Pour les peintres impressionnistes, la mode française alors très foisonnante, qui voit la naissance de la haute couture et du mythe de la Parisienne, est ressentie comme un attribut de la modernité. Ils ne cherchent pas à représenter scrupuleusement le vêtement, plutôt saisir l'instantané des modes et des attitudes de leurs contemporains.

En partenariat avec le Musée d'Orsay, Arte diffuse dimanche prochain 30 septembre, à 14 heures 40, L'Impressionnisme, éloge de la mode, un film documentaire de Anne Andreu et Émerance Dubas. À ne pas manquer. En voici ci-dessous un extrait, d'autres sont visibles sur le site de l'exposition (Le défilé des peintres, La Parisienne, Du croquis de mode au défilé, Les dessous...).


▲À voir et revoir en intégralité (jusqu'au 7 octobre) sur Vidéos Arte TV
Voir aussi sur Dailymotion la vidéo Les Impressionnistes s'emparent de la mode, de Élise Menand pour AFP-TV

▲La musique aux Tuileries, Édouard Manet, 1862
National Gallery, Londres, sur Wikipedia

▲Portrait de la marquise et du marquis de Miramon et leurs enfants, James Tissot, 1865
Musée d'Orsay, Paris, sur Agence photographique de la RMN

▲à g. : Jean Monet dans son berceau, Claude Monet, 1867
National Gallery of Art, Washington sur galerie de photopoésie sur Flickr
Le Berceau, Berthe Morisot, 1872
Musée d'Orsay, Paris, sur Agence photographique de la RMN

▲La pâtisserie Gloppe avenue des Champs-Élysées, Jean Béraud, 1889
Musée Carnavalet, Paris sur Agence photographique de la RMN

Les impressionnistes se font aussi les témoins de la vie de famille et de la place nouvelle de l'enfant dans la vie sociale du XIXe siècle. L'enfant est le coeur de la famille instituée par le Code civil, constituée des parents et des enfants. Il est l'objet d'attentions nouvelles, entouré d'affection et de tendresse, le tutoiement progresse, les sanctions corporelles régressent.

On lui réserve un espace individuel dans la maison, les chambres d'enfants, encore très rares, font leur apparition. Les marchands de jouets, les éditeurs s'intéressent désormais à lui. C'est l'aboutissement de l'enfance telle que Victor Hugo précurseur la décrit dans L'Art d'être grand-père.

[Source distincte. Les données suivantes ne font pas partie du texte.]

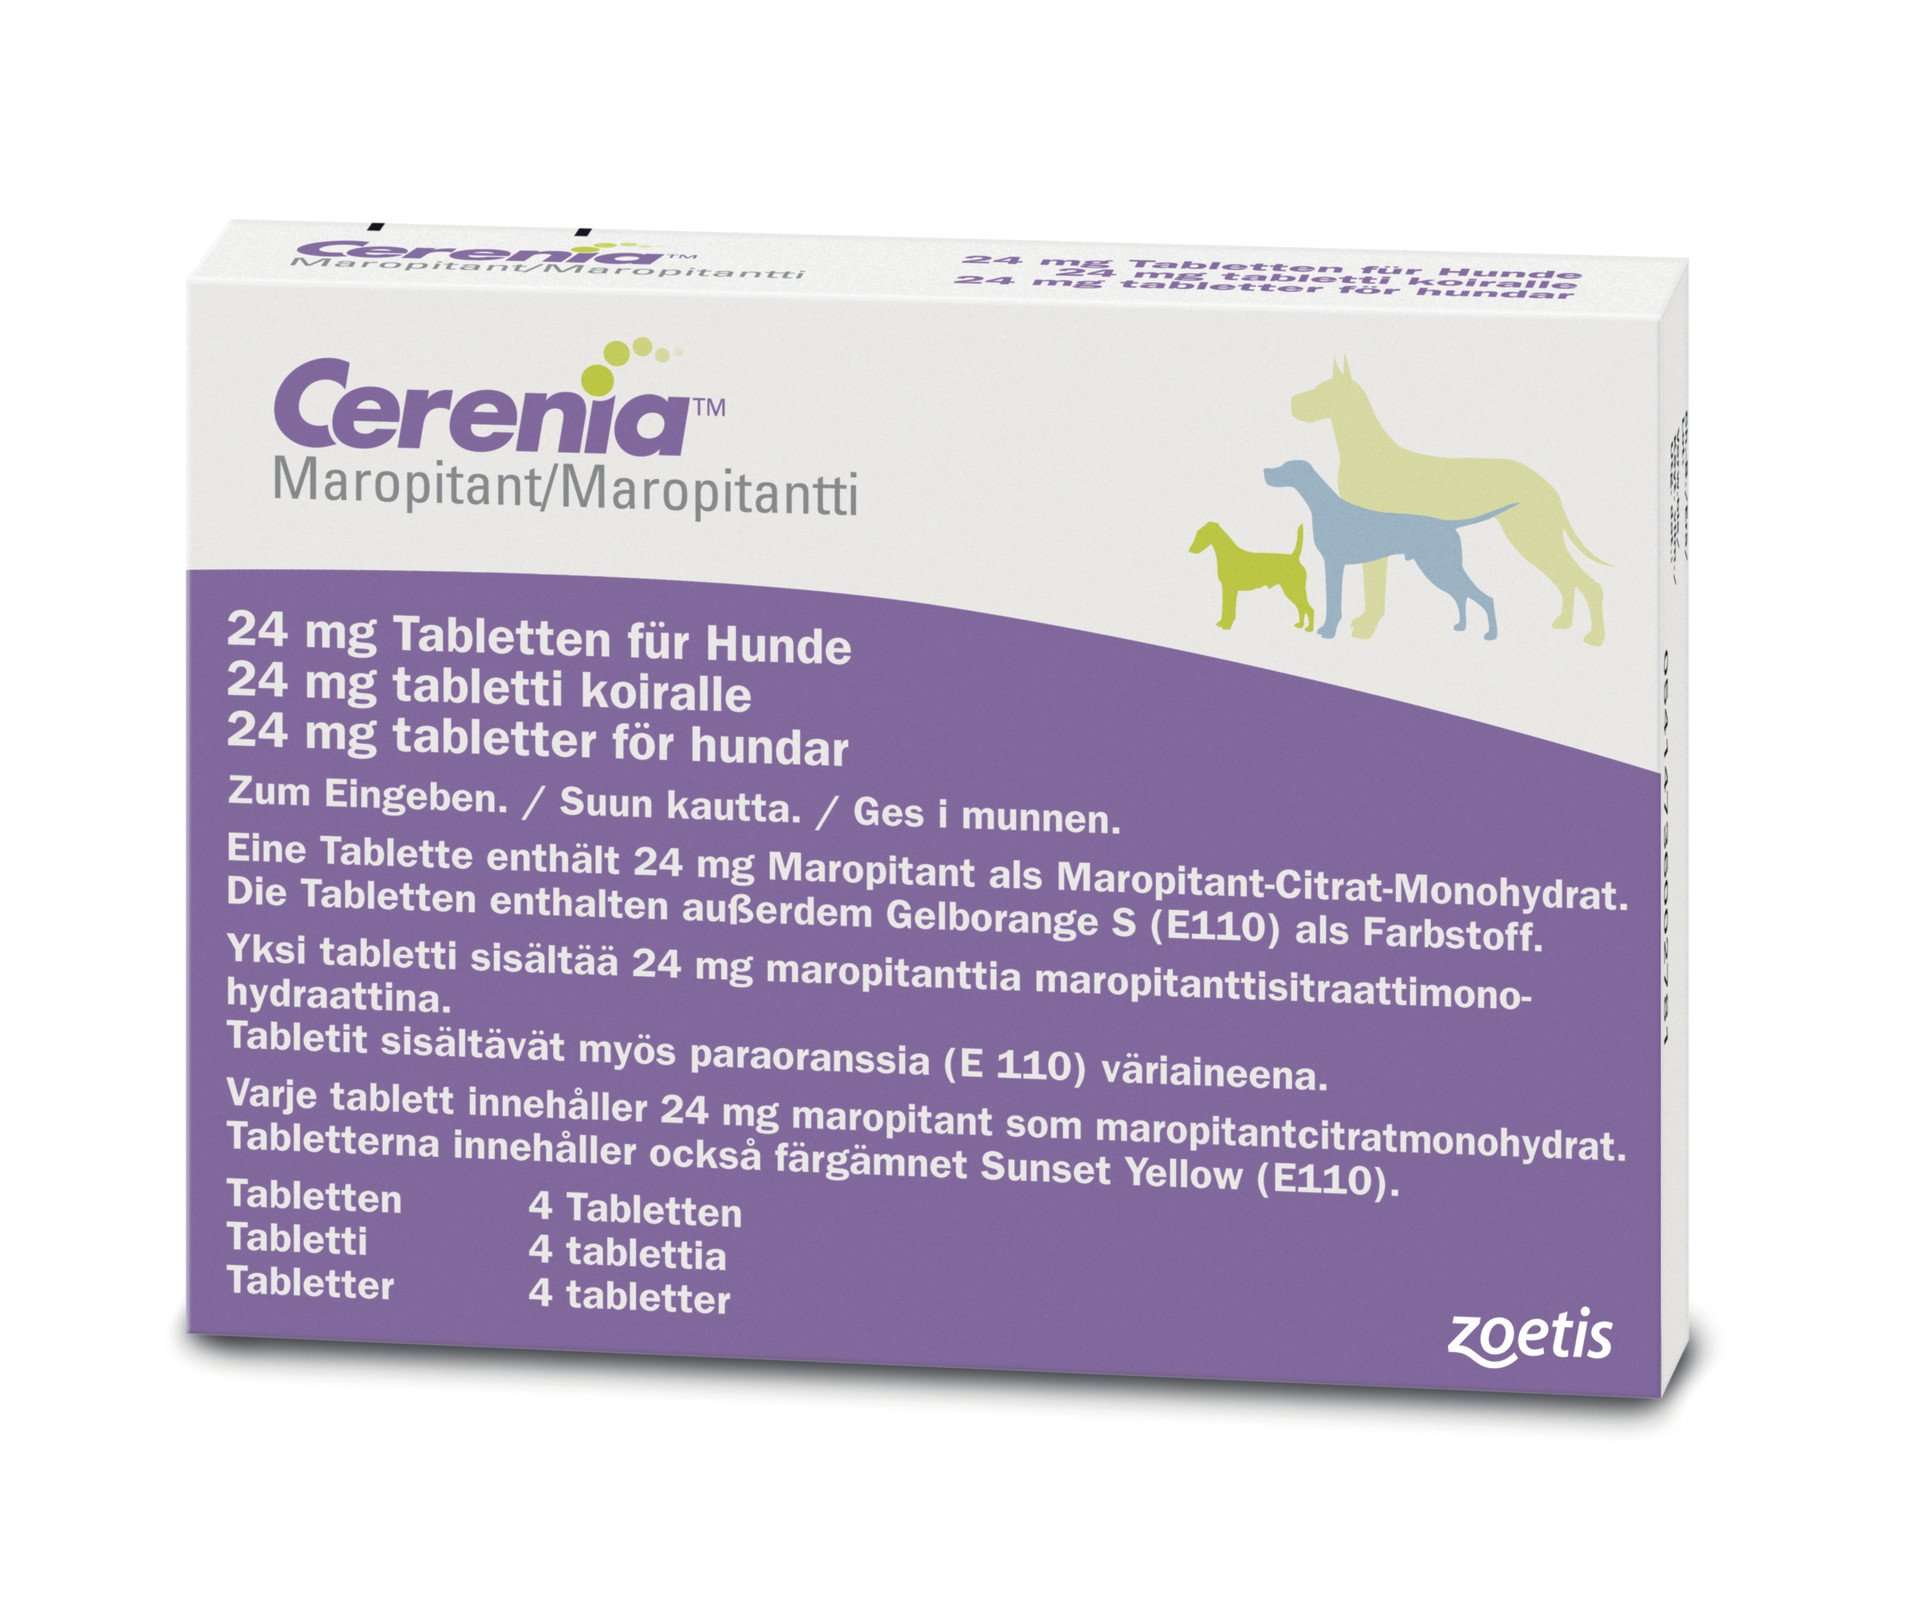 Cereniaâ¢ fÃ¼r Hunde 24 mg Tabletten 4 StÃ¼ck

Cela concerne bien sûr l'enfant des milieux privilégiés et des classes moyennes. La révolution industrielle ne fait pas le bonheur des enfants des milieux ouvriers, même si l'État défend les intérêts de l'enfant en instaurant peu à peu les lois en faveur de l'enfance, instaure l'école laïque gratuite obligatoire, lutte contre la mortalité infantile, etc.

Je prends prétexte de cette exposition pour présenter ici quelques images d'enfants par des peintres impressionnistes, qu'on ne se lasse pas d'admirer. C'est aussi pour moi l'occasion de rappeler les thèmes phares de la mode enfantine du XIXe siècle, plusieurs fois traités, sous divers points de vue, sur Les Petites Mains.

▲Scène de plage, Edgar Degas, vers 1869-1870
The National Gallery, Londres

▲Sur la plage à Trouville, Claude Monet, 1870
Musée Marmottan, Paris, sur galerie de photopoésie sur Flickr

Des couleurs vives et des rayures

Sous le Second Empire, le chemin de fer met la côte normande à seulement quelques heures de Paris. On découvre les bains de mer. Parallèlement, grâce aux progrès techniques de la teinture chimique des étoffes, les « grands magasins » mettent à disposition de leur clientèle un assortiment de vêtements dans des coloris nouveaux, très vifs, qui vont changer l'échelle de la perception des couleurs. On découvre le fuschia, le violet, le bleu vif, le rouge sang, le vert cru, mais aussi les tons pastel mauve, bleu, rose qui réinterprètent le blanc. La plage fusionne la rayure exotique transgressive des marins, la rayure hygiénique du bon air de la mer et la rayure ludique des enfants.

[Pour en savoir plus, lire sur Les Petites Mains, La marinière et l'histoire des tissus rayés]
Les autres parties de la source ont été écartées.